_PROVIDED DATA_
--- START ---

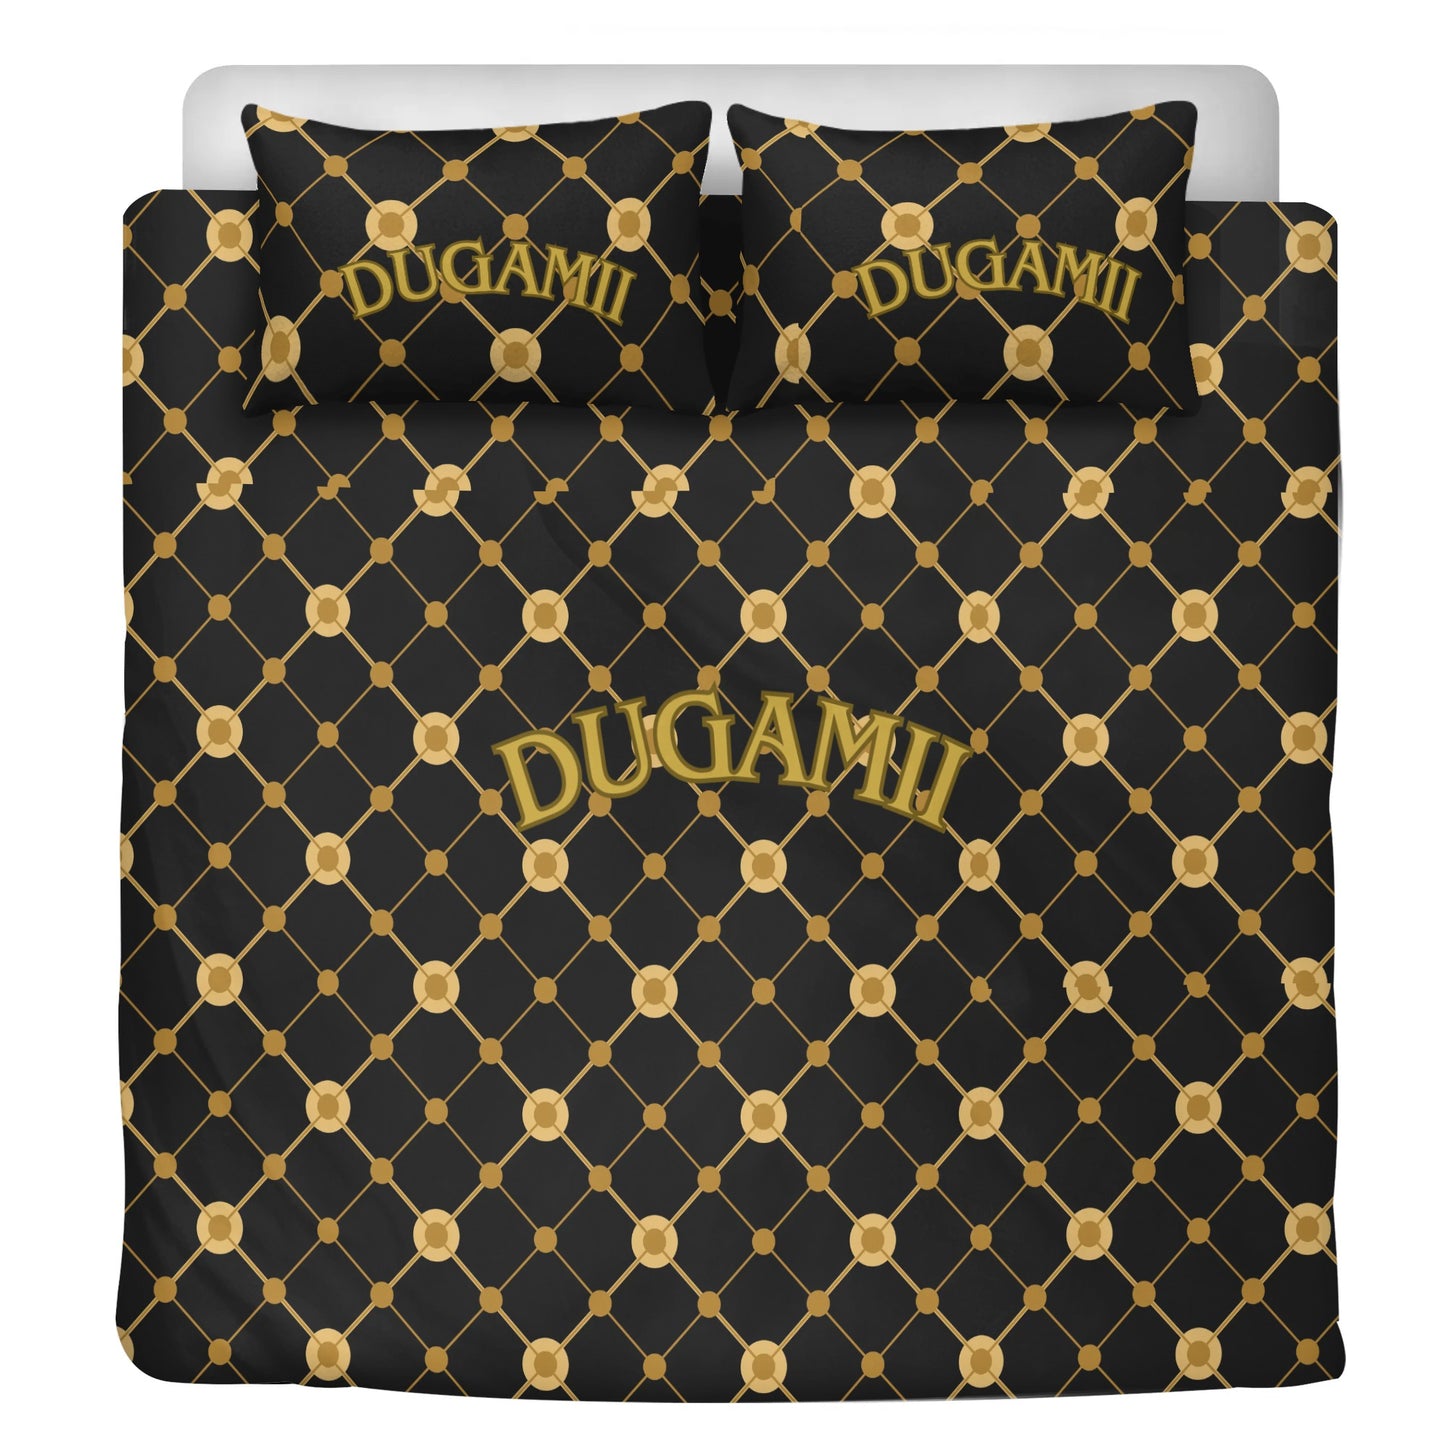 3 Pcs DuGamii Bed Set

--- END ---
--- START ---

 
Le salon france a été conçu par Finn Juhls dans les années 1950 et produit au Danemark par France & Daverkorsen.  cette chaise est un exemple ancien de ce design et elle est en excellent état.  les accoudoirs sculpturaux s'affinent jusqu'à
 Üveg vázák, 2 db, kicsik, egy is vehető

--- END ---
--- START ---

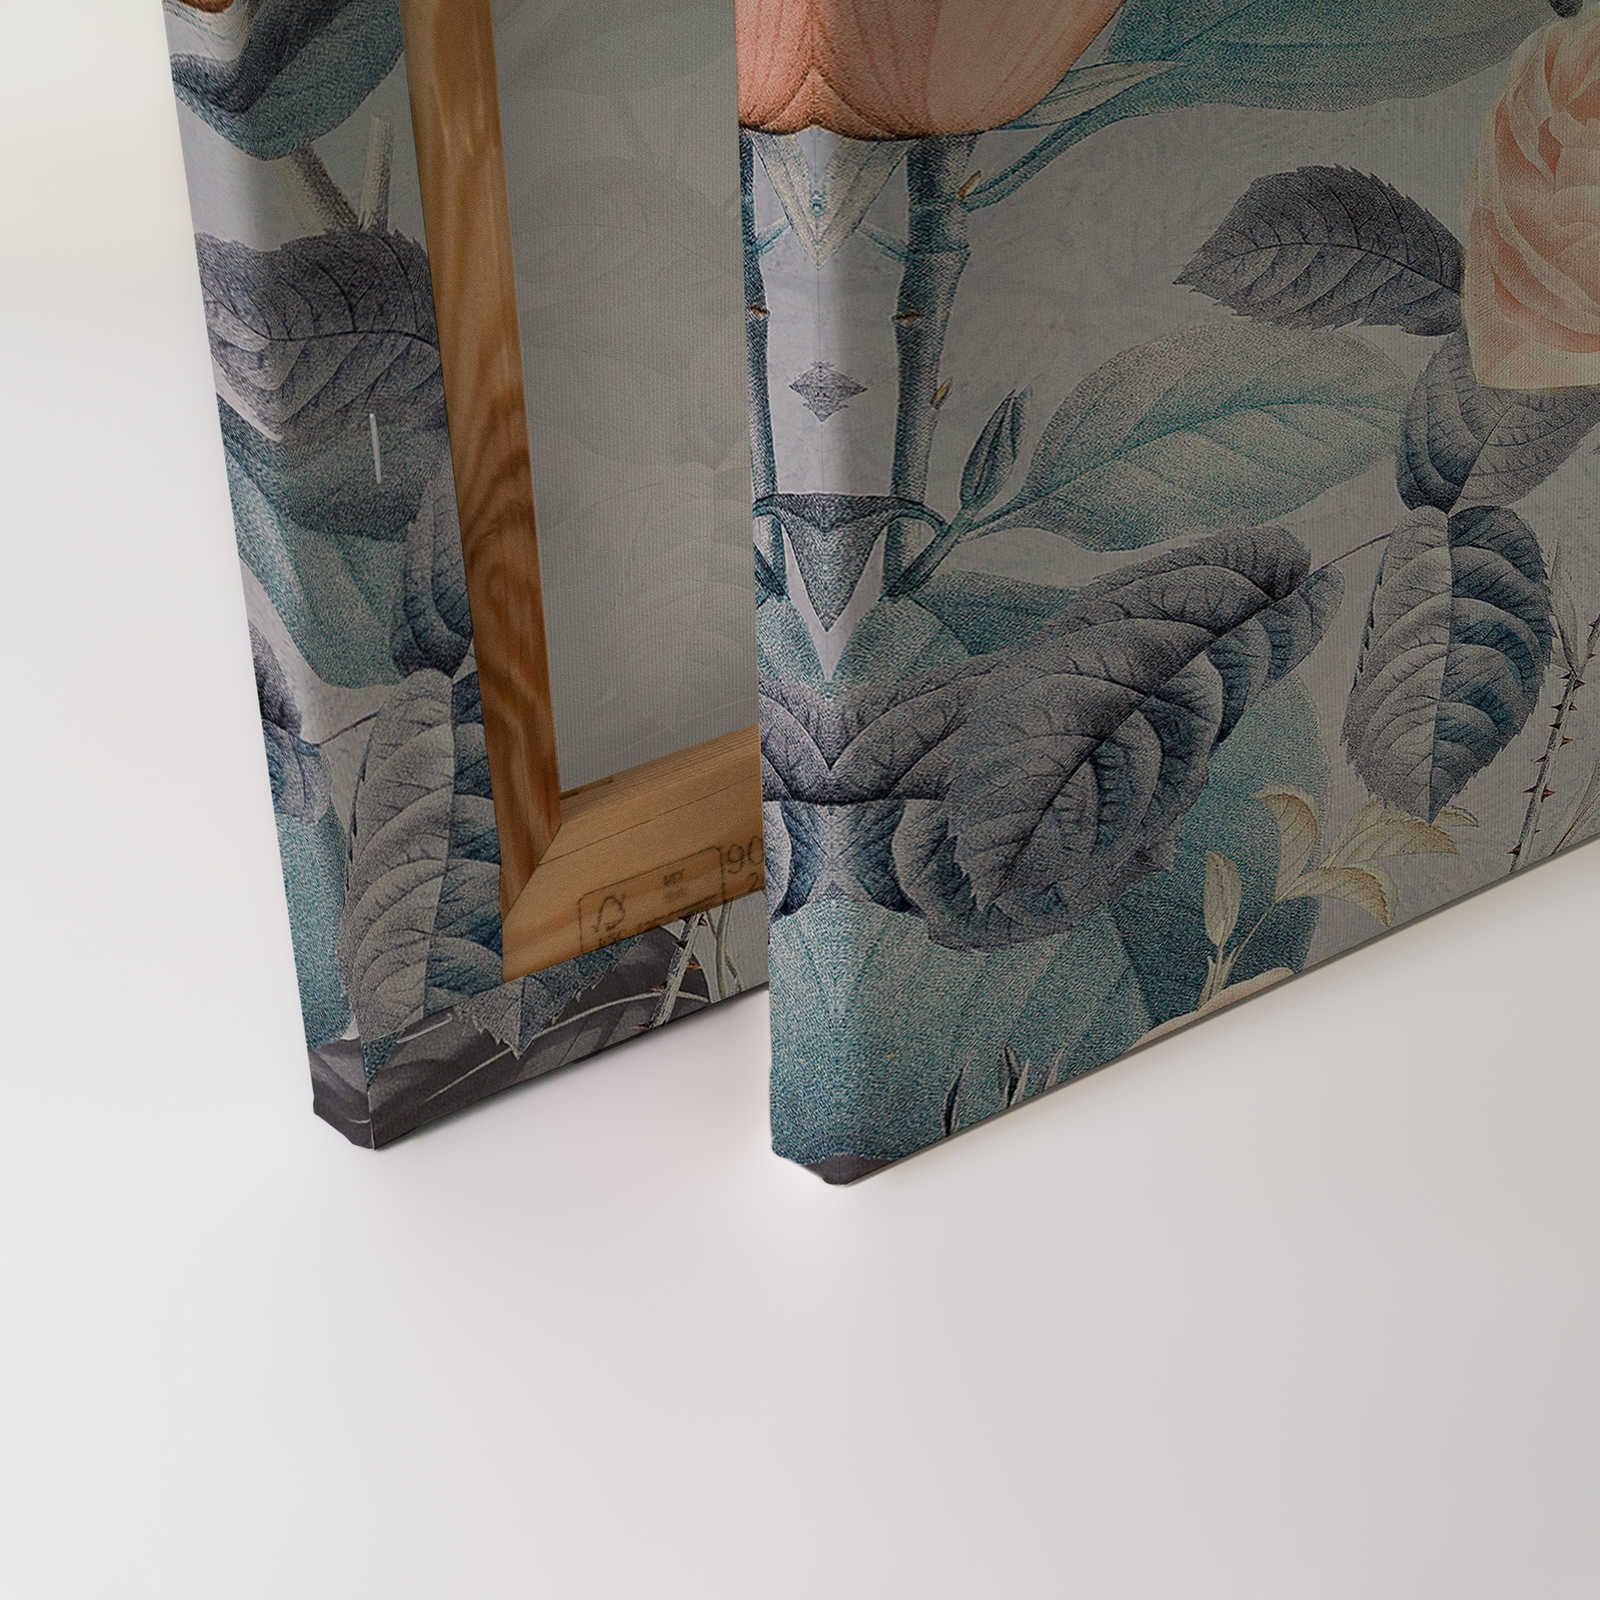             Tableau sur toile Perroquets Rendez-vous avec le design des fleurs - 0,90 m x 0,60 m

--- END ---

_EXERCISE GOAL_
Could you retype exactly the lines above, starting at the line that contains "Le salon france" and ending at the line that contains "Üveg vázák, 2 db, kicsik, egy is vehető", and nothing more?

_TASK SOLUTION_
Le salon france a été conçu par Finn Juhls dans les années 1950 et produit au Danemark par France & Daverkorsen.  cette chaise est un exemple ancien de ce design et elle est en excellent état.  les accoudoirs sculpturaux s'affinent jusqu'à
 Üveg vázák, 2 db, kicsik, egy is vehető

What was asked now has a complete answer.